Public Gaffes By Public Figures: Gender Discrimination Still An Issue
With Microsoft Corporation (NASDAQ: MSFT) CEO Satya Nadella suffering from some moderate-to-severe PR burns after a bit too much time in the spotlight, gender discrimination once more comes to the forefront of sensationalized news flubs.
While Nadella’s comment about how women should not ask for raises and that Karma would even the “paying” field has received more of a backlash than similar public gaffes, it is by no means a solo event.
Nadella has since tweeted and emailed an apology attempting to retract his October 9 statement.
Business Is Still A Man’s World?
Microsoft’s Nadella is not the only offender. Recall Abercrombie & Fitch CEO Michael Jeffries’ male-gaze, objectifying stance toward employment and marketing: Jeffries’ brand “targets its marketing at a particular segment of customers,” he has stated, emphasizing the importance of sexually-infused seduction advertising techniques.
“[Sex appeal]'s almost everything. That’s why we hire good-looking people in our stores. Because good-looking people attract other good-looking people, and we want to market to cool, good-looking people. We don’t market to anyone other than that.” –Michael Jeffries, Abercrombie & Fitch CEO
Discrimination Only Against Females? Not Likely.
The gender-biased blunders are not just males in power dissing subordinated women not in power, though. A New York Daily News article sites a discrimination case brought against Nancy Silberkleit, Archie Comics’ co-CEO. “Nancy Silberkleit is accused by her male employees of gender discrimination such as referring to them as ‘penis’ instead of by name.”
Nor do these public image fiascoes involve only hetero-sexism. Chick-Fil-A is still reeling from homophobic accusations that took news outlets by storm more than two years ago.
Female Public Figures Portray Defeat
Amid these controversies are a few disheartening public comments that highlight why discriminatory comments gain traction.
Anne-Marie Slaughter, president of the New American Foundation, notable professor at Princeton and past director of policy planning for the U.S. State Department, published a starkly honest -- 12,844 words strong -- confession in The Atlantic. “I’d been part, albeit unwittingly, of making millions of women feel that they are to blame if they cannot manage to rise up the ladder as fast as men and also have a family and an active home life (and be thin and beautiful to boot).”
Slaughter continues, “Yet the decision to step down from a position of power –- to value family over professional advancement, even for a time -– is directly at odds with the prevailing social pressures on career professionals in the United States.”
“Hi, Foot.
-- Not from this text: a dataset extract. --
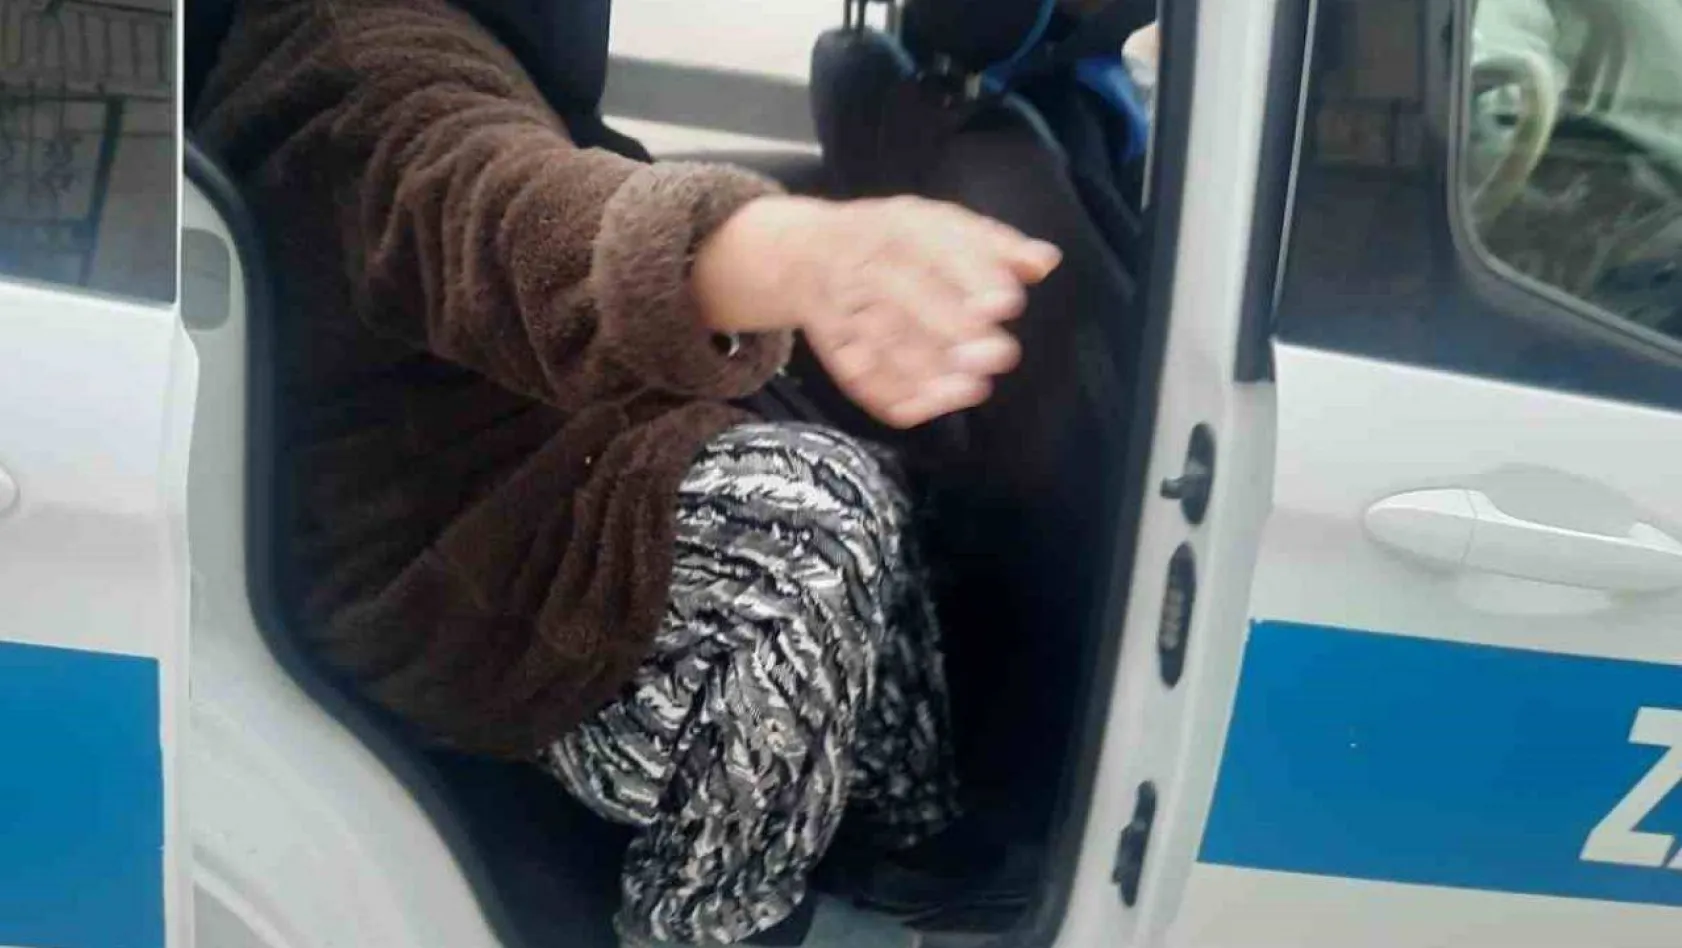 Bilecik'te zabıta ile çorap satan kadın arasında gülümseten diyalog

Meet Mouth.”
Regardless of whether these public comments were made in error (such as Nadella’s ill-thought statement) or after deliberate consideration (as Slaughter’s confession clearly was), they can cause irrevocable repercussions.
How such statements are handled will also notably affect the company’s image, but even if they are optimally addressed, some things are not easily retractable.
There’s Still Hope.
Despite Nadella’s quick tweet and email apology, Microsoft is still suffering from undesirable scrutiny. Fortunately, this is not always the case.
Case in point: after noticing that Dicks Sporting Goods Inc.'s (NYSE: DKS) 2014 basketball catalog lacked equal representation, 12-year-old McKenna Peterson wrote a letter pointing out the obvious exclusion of female players.
Dick’s Sporting Goods CEO responded appropriately.
I wanted to respond to your letter about our basketball catalog. You pointed out our obvious mistake -– that no female basketball players were featured in our ad. I’m sorry, we clearly messed up and I can personally guarantee that next year’s basketball catalog will prominently feature female athletes, as it should have this year…"
-Ed Stack, CEO Dick’s Sporting Goods (full letter is available here).
Even with that appropriate response, it seems very likely that the future will bring more gender-discrimination PR fiascoes.